Monday, August 30, 2010

Peach, Blueberry, and Pecan Crumble

This Whole Foods recipe is absolutely delicious. I LOVE the pecans! I didn't have crystallized ginger, so I left that out, but I want to try it with next time.

Peach, Blueberry, and Pecan Crumble

7 peaches, pitted, roughly chopped
1/2 cup blueberries
2 tablespoons plus 3/4 cup all purpose flour
1/4 crystallized ginger, finely chopped
5 tablespoons granulated sugar
5 tablespoons dark brown sugar
1 cup chopped pecans
pinch salt
pinch cinnamon
2 teaspoons lemon zest
1 teaspoon lemon juice
1/2 stick cold unsalted butter, cut into small cubes

Preheat oven to 375°F. Combine peaches, blueberries and 2 tablespoons of the flour in a 9-inch square baking dish; set aside. Put remaining 3/4 cup flour, ginger, granulated sugar, brown sugar, pecans, salt, cinnamon, lemon zest, lemon juice and butter in a large bowl and mix together well with your hands, breaking up the butter with your fingers. Crumble flour mixture over fruit and cover dish with aluminum foil. Bake for 20 minutes, then uncover and bake for about 20 minutes more, or until golden on top and fruit is soft and bubbling. Set aside to let cool slightly, then scoop into bowls and serve topped with your favorite ice cream or frozen yogurt.


Tuesday, August 10, 2010

(Healthy) Blackberry Peach Crisp

This was easy and turned out great.

Healthy Blackberry Peach Crisp

Canola oil

1 cup fresh blackberries

1 cup fresh peaches, pitted and sliced

4 teaspoons fresh orange juice

½ teaspoon vanilla

3 tablespoons whole-wheat flour

3 tablespoons rolled oats

2 tablespoons brown sugar

4 tablespoons canola oil

2 teaspoons honey

1 teaspoon cinnamon

1/8 teaspoon nutmeg

Heat oven to 375. Coat 4 4-oz ramekins with canola oil/cooking spray.
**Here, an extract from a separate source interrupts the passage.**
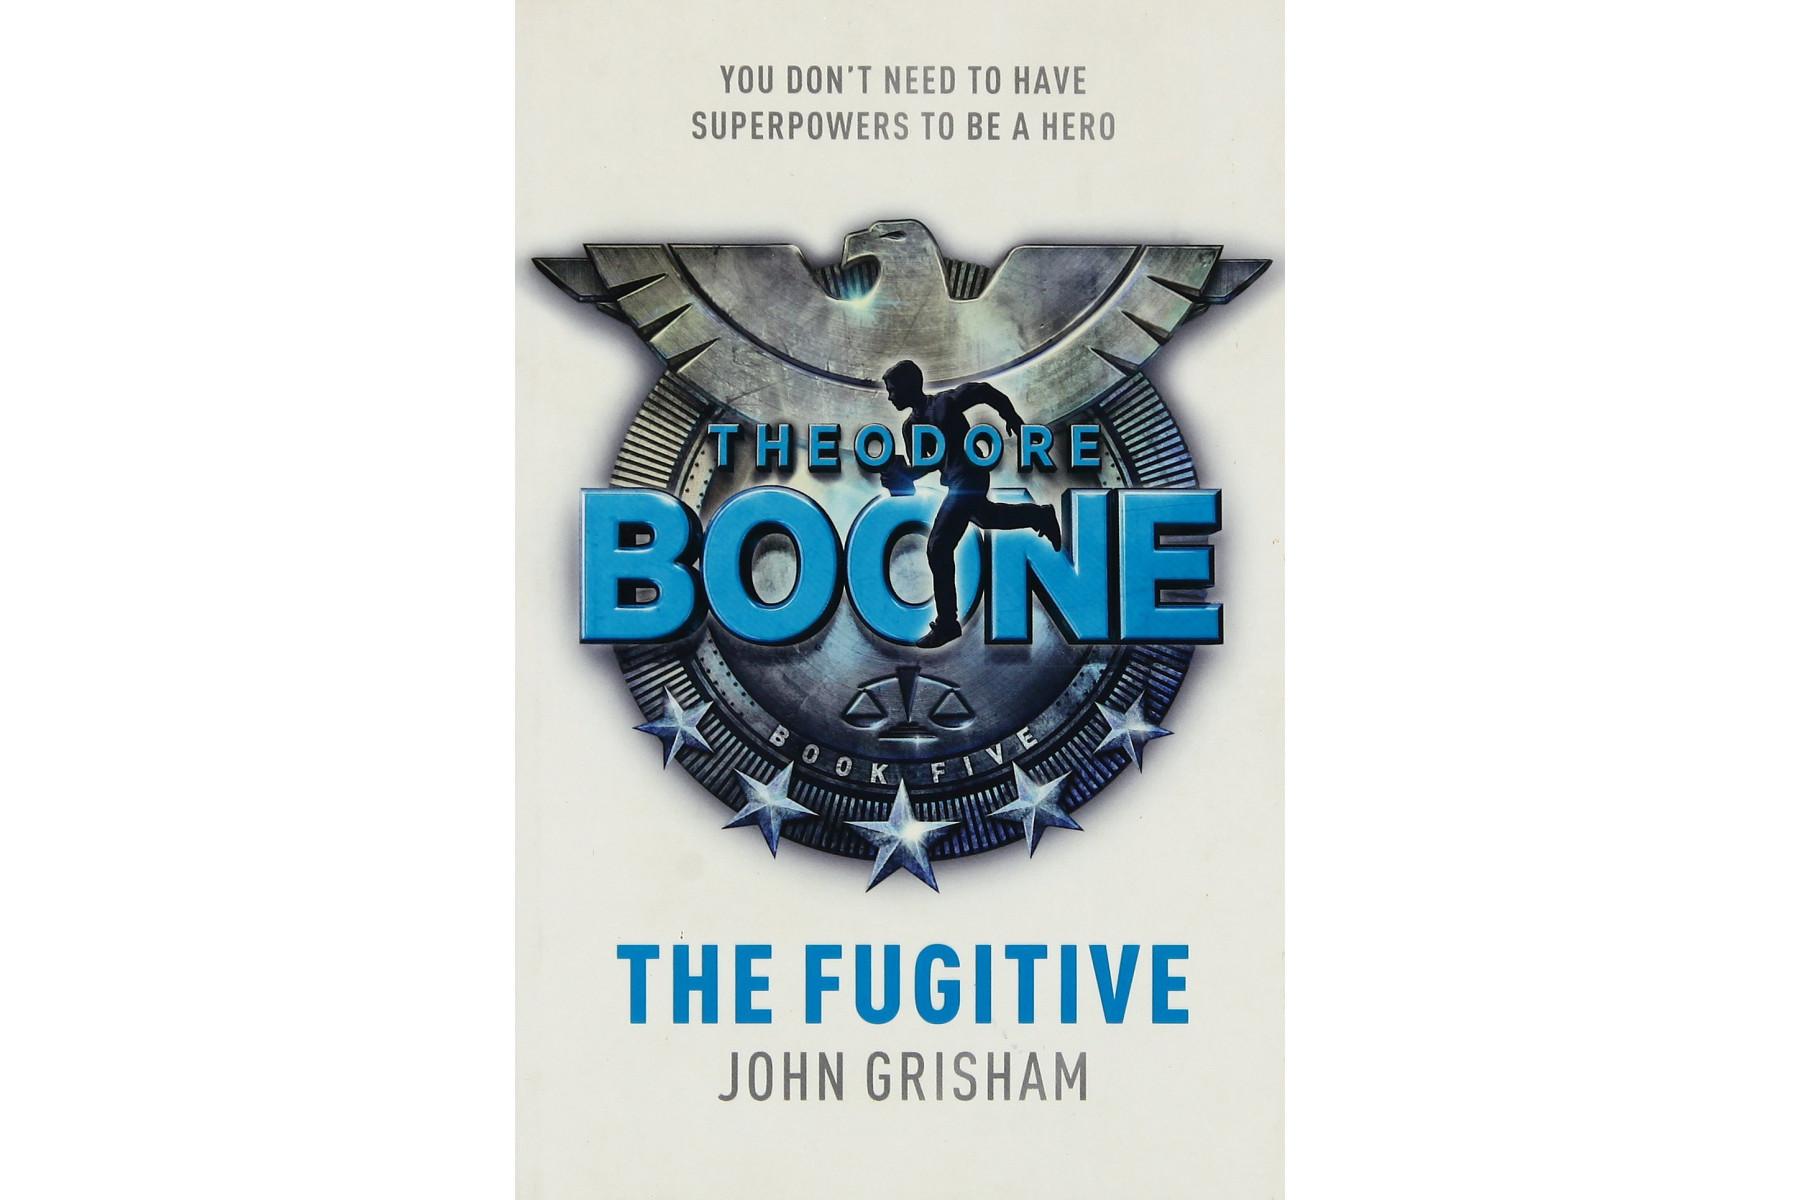 Theodore Boone: The Fugitive (Book 5)

Combines berries, peaches, juice and vanilla in a bowl and mix. In a separate bowl, combine remaining ingredients with hands until moist and crumbly. Spoon fruit mixture into ramekins; scatter crumb mixture evenly on top. Bake 15-20 minutes or until fruit bubbles and top is golden brown.

Thursday, May 6, 2010

Banana Bread Cobbler

This recipe was delicious! Very, very good!
Banana Bread Cobbler

1 cup self-rising flour
1 cup sugar
1 cup milk
1/2 cup butter, melted
4 medium-size ripe bananas, sliced

Streusel Topping


Preheat oven to 375°. Whisk together first 3 ingredients just until blended; whisk in melted butter. Pour batter into a lightly greased 9x13" baking dish. Top with banana slices, and sprinkle with Streusel Topping.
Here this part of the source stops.